First, the clear goal of this stage is to have a completely smooth and regular surface that is ready for figuring. Note that it is not vital that the surface be spherically smooth, just regular. Small aspheric deviations are totally fine as the final figuring will take care of that.
Second, while the making of pitch laps has a vast amount of coverage online, the key points that you need to focus on for a fast meniscus are:
- The thickness of the lap should be 1/4″ to 1/2″ to ensure that it is not too stiff, to allow it to easily adapt and flow as the figure changes and to keep contact consistent.
- The base of the lap should be curved, ideally cast from the mirror, to ensure that the pitch thickness is consistent across the surface; variable stiffness leads to irregular polishing.

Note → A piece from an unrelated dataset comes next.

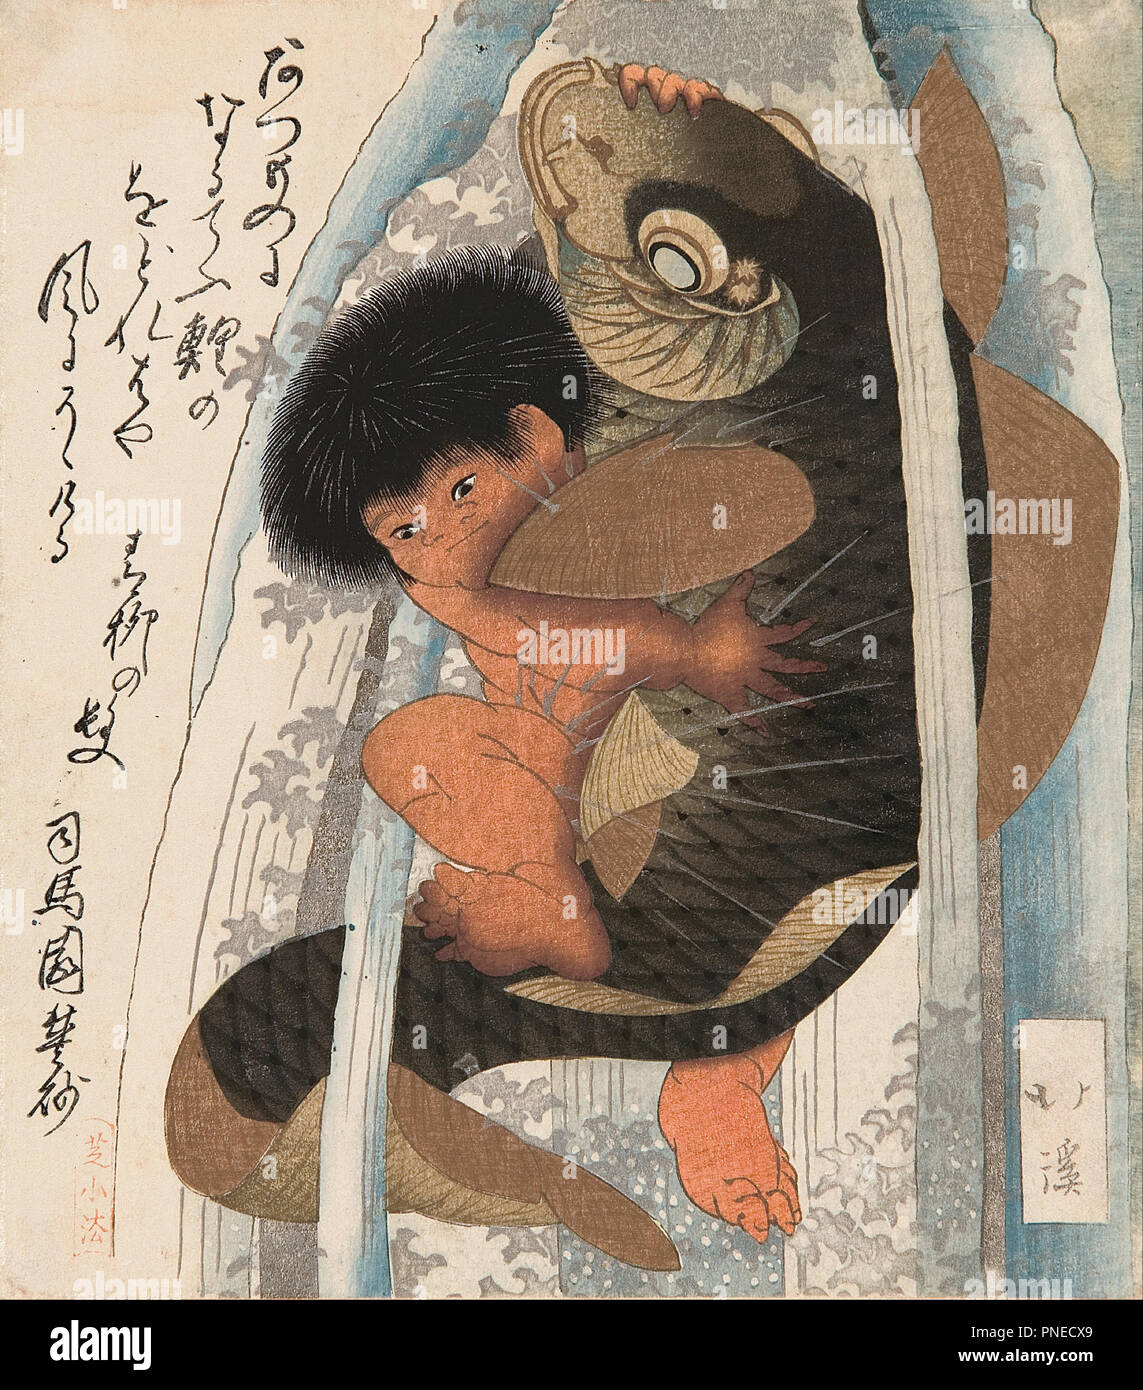 Kaidomaru wrestling une carpe dans une cascade. Date/Période : début des années 1820. L'impression. Shikishiban surimono, gravure sur bois en couleur. Hauteur : 21,50 mm (0.84 in) ; largeur : 19 mm (0,74 in). Auteur : TOYOTA HOKKEI. Banque D'Images

- The channels need to be well cut, kept open, and not symmetrically centred on the face, to avoid polishing in zones.
- Making a somewhat oversized lap tends to help avoid a “turned down edge” while polishing. If you make a base from wood (as opposed to casting from the mirror) you can make it an inch or more larger in diameter.
The general process for polishing follows the usual ATM descriptions, but here are some key points that I found helpful and/or painful to learn:
- Polishing with mirror on top allows you to keep a very close eye on contact because, without full and consistent contact, polishing will be very irregular. It also allows you to watch for channels closing so that you know when you need to rework them.
- Cleanliness is an absolute must. You will know very quickly when a stray bit of grit got onto your lap, and hopefully you have strong enough lap hygiene to avoid that. But for me, a contaminant that was unexpected was bits off a wire brush I was using to rough up the lap. While some ATMs use them successfully, in my opinion, wire brushes have no business being near a polished mirror.
- As the mirror polishes out, the figure will change and so, to keep excellent contact, you should “press” your lap often. I pressed after every hourly session of polishing, and that seemed to work well. Using a heat gun to quickly and controllably warm the lap makes for efficient pressing.
- For me, a mixture of 1:8 to 1:10 of cerium oxide to water worked very well as a good dilution that balanced burning through cerox with decent polishing time.
When polishing, it is very normal to wonder how your surface looks from a figure perspective. While you should not get into the habit of regularly checking the figure while your are polishing, it is totally reasonable to check once when you get a bit of polishing done (say after and hour or two) just to confirm that the figure is not horribly astigmatic. So give yourself license to break out the Ronchi tester and have a quick look. Then get back to polishing.
The key to polishing is to not rush it, and just do nice, steady 1/3 centre-over-centre (CoC) strokes. The easiest way to see how your polishing is progressing is to use a laser pointer, aimed at a 45 degree angle, and closely inspecting the reflection. When you are polished out (i.e., done) you will not see the laser on the surface. Any image of the laser on the surface indicates scattering from surface roughness, so get back to it. Typically, you will polish out from the middle of the mirror to the edge, and the last bit can be agonizingly slow. But you cannot rush this and it will be done when it is done. Interestingly, as I went through several cycles of this, I found the time to polish out remarkably consistent: 17 hours. When you are done, reward yourself with another Ronchi image which, if you have been regular with your stroking, should be a fairly decent sphere.